为了使我的问题更清楚，我想发布一些我目前的Scala代码，我正在使用Kafka 0.8.2-beta和Scala 2.10.4 。

这是生产者代码，我没有使用自定义partitioner.class ：

  val props = new Properties()

  val codec = if(compress) DefaultCompressionCodec.codec else NoCompressionCodec.codec

  props.put("compression.codec", codec.toString)
  props.put("producer.type", if(synchronously) "sync" else "async")
  props.put("metadata.broker.list", brokerList)
  props.put("batch.num.messages", batchSize.toString)
  props.put("message.send.max.retries", messageSendMaxRetries.toString)
  props.put("request.required.acks",requestRequiredAcks.toString)
  props.put("client.id",clientId.toString)

  val producer = new Producer[AnyRef, AnyRef](new ProducerConfig(props))

  def kafkaMesssage(message: Array[Byte], partition: Array[Byte]): KeyedMessage[AnyRef, AnyRef] = {
     if (partition == null) {
       new KeyedMessage(topic,message)
     } else {
       new KeyedMessage(topic,partition,message)
     }
  }

  def send(message: String, partition: String = null): Unit = send(message.getBytes("UTF8"), if (partition == null) null else partition.getBytes("UTF8"))

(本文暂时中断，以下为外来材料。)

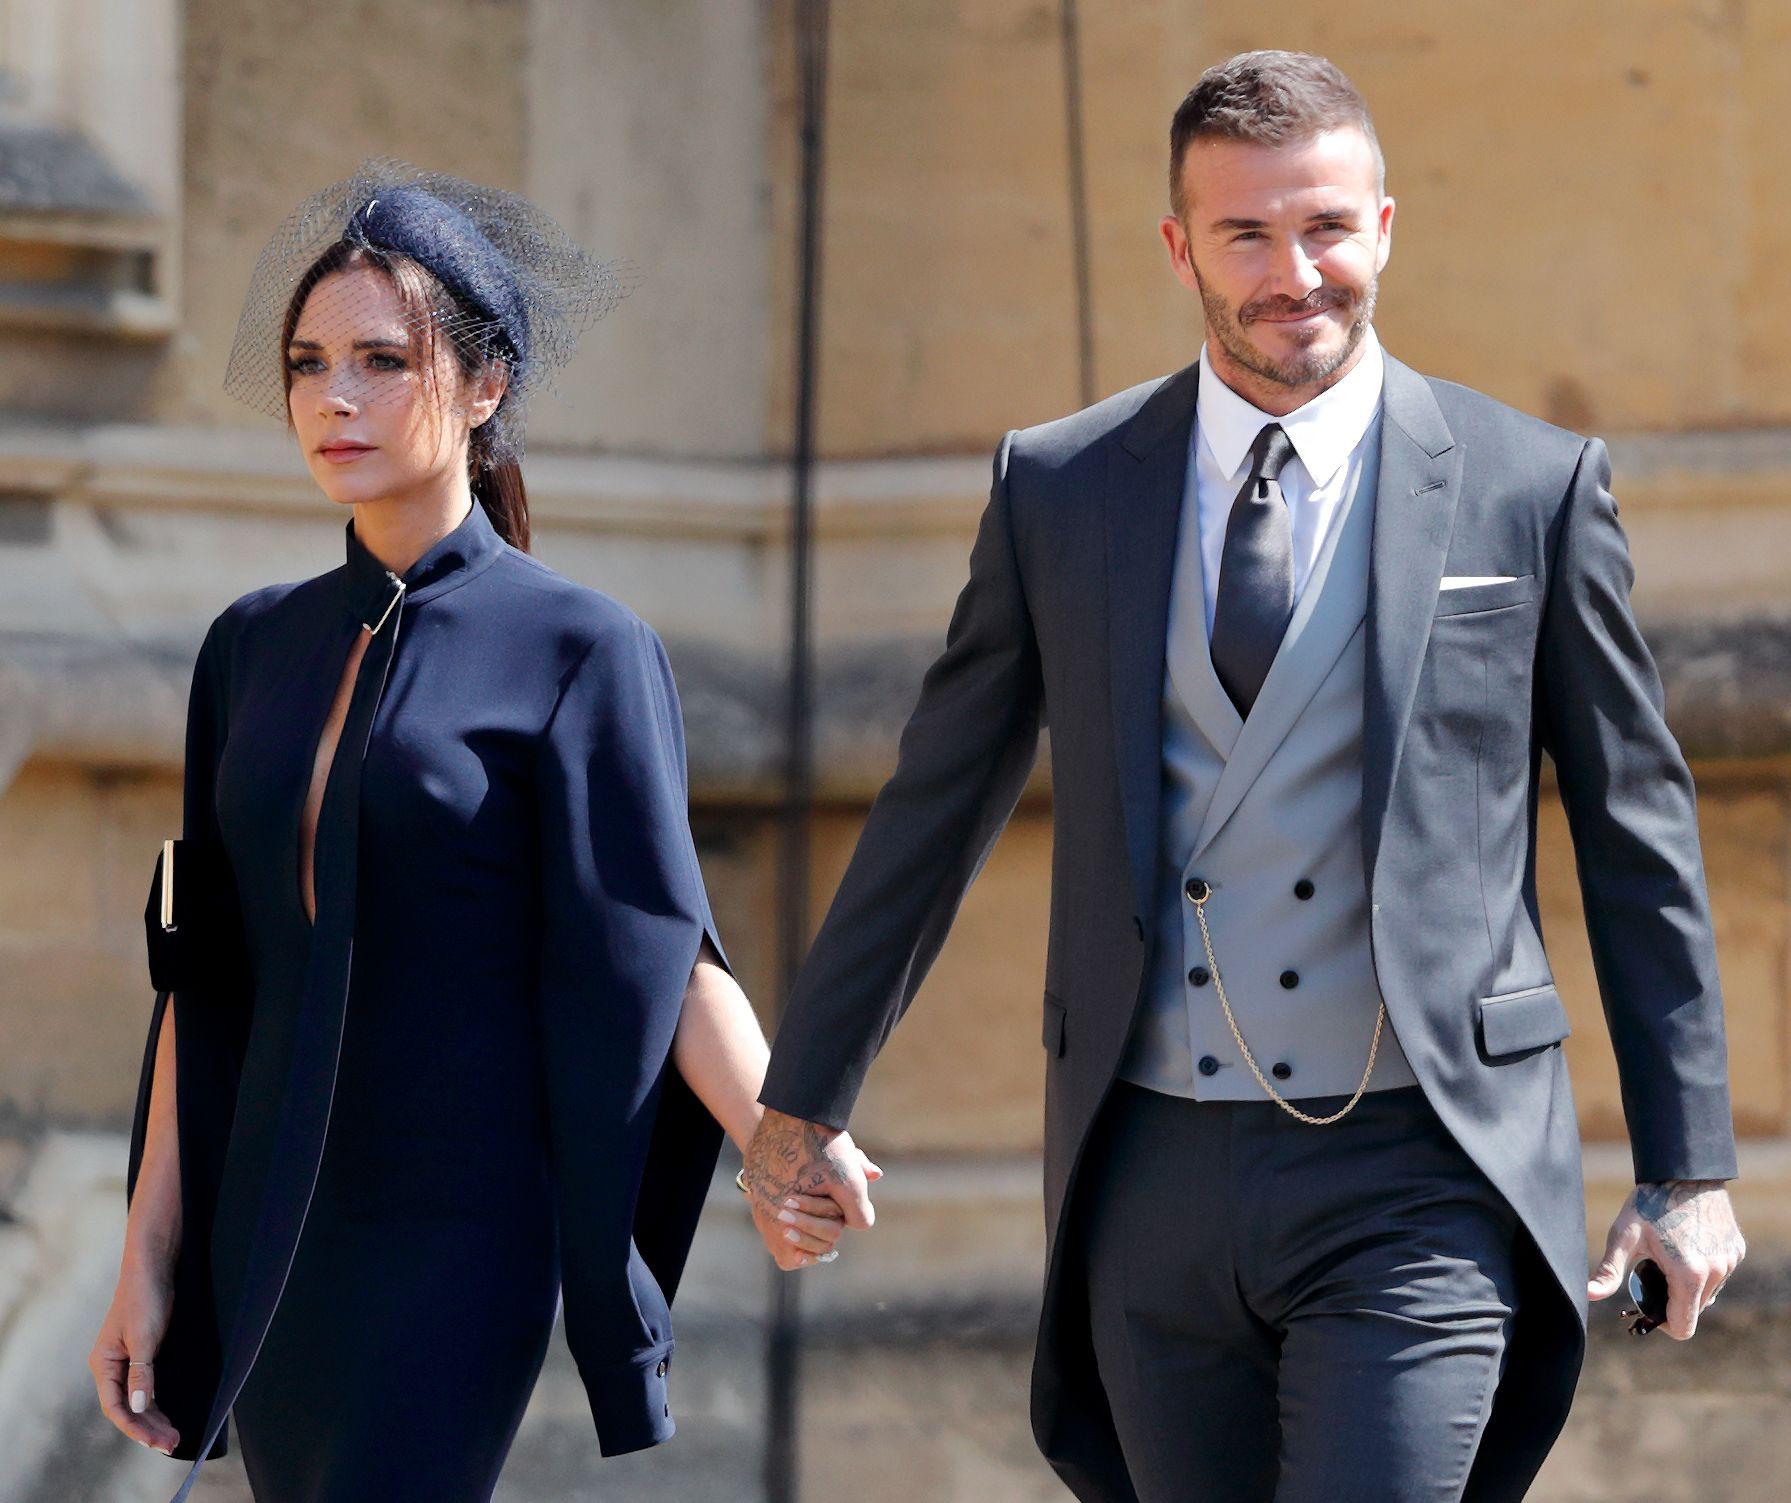 Mặc tin đồn ly dị đến vụng trộm, Beckham vẫn khiến cả thế giới ghen tỵ vì ưu ái vợ cử chỉ đặc biệt này suốt 20 năm - Ảnh 6.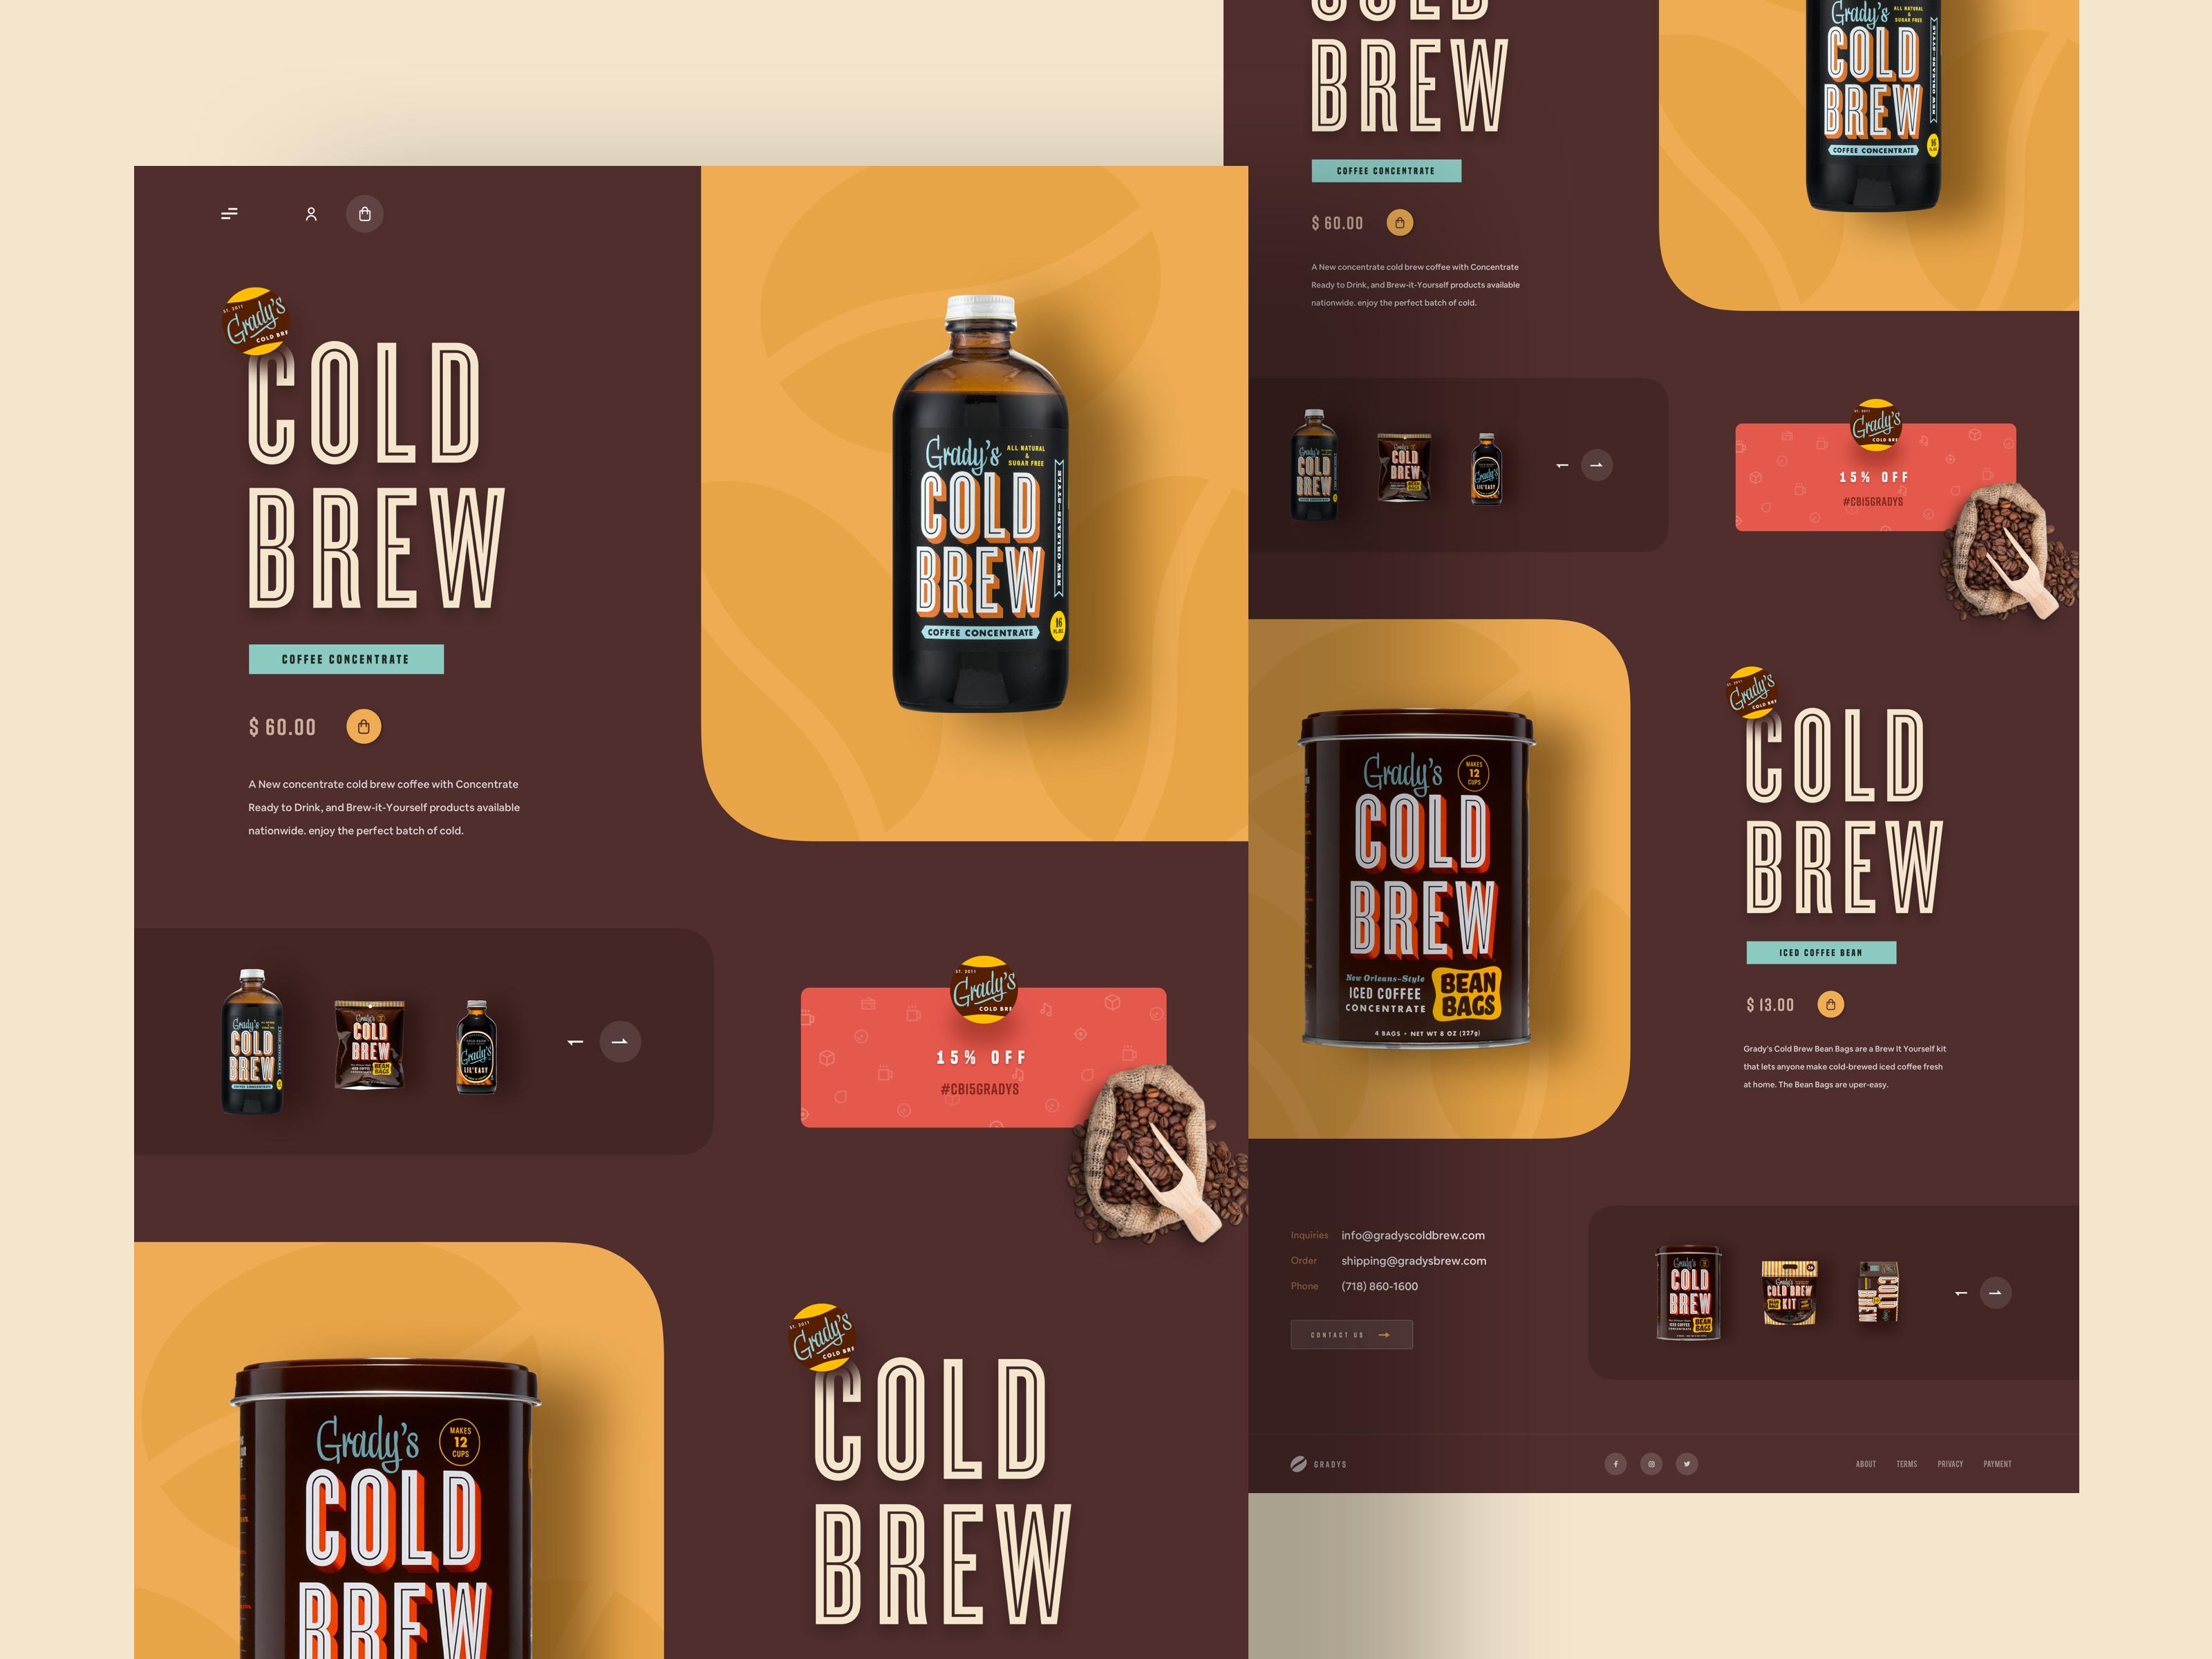 Cold brew thumb 2x

  def send(message: Array[Byte], partition: Array[Byte]): Unit = {
    try {
      producer.send(kafkaMesssage(message, partition))
    } catch {
      case e: Exception =>
        e.printStackTrace
        System.exit(1)
    }       
  }

以下是我如何使用生产者，创建生产者实例，然后使用此实例发送三条消息。目前我将分区键创建为Integer，然后将其转换为Byte Arrays：

  val testMessage = UUID.randomUUID().toString
  val testTopic = "sample1"
  val groupId_1 = "testGroup"

  print("starting sample broker testing")
  val producer = new KafkaProducer(testTopic, "localhost:9092")

  val numList = List(0,1,2);
  for (a <- numList) {
    // Create a partition key as Byte Array
    var key = java.nio.ByteBuffer.allocate(4).putInt(a).array()
    //Here I give a Array[Byte] key
    //so the second "send" function of producer will be called
    producer.send(testMessage.getBytes("UTF8"), key)
  }

不确定我的逻辑是不正确还是我没有正确理解分区键机制。任何人都可以提供一些示例代码或解释会很棒！

Answer 1

人们通常认为分区是一种在业务类别上分离业务数据的方法，但这不是查看分区的正确角度。

直接对这些主题进行分区影响：

-performance（每个分区可以与其他分区并行使用）

- 消息顺序（仅在分区级别保证的消息顺序）

我将举例说明如何创建分区：

你有一个话题，比如MyMessagesToWorld

您希望将此主题（所有MyMessagesToWorld）转移给某个消费者。

你＆＃34;体重＆＃34;整个＆＃34;质量＆＃34; MyMessagesToWorld发现，这是10公斤。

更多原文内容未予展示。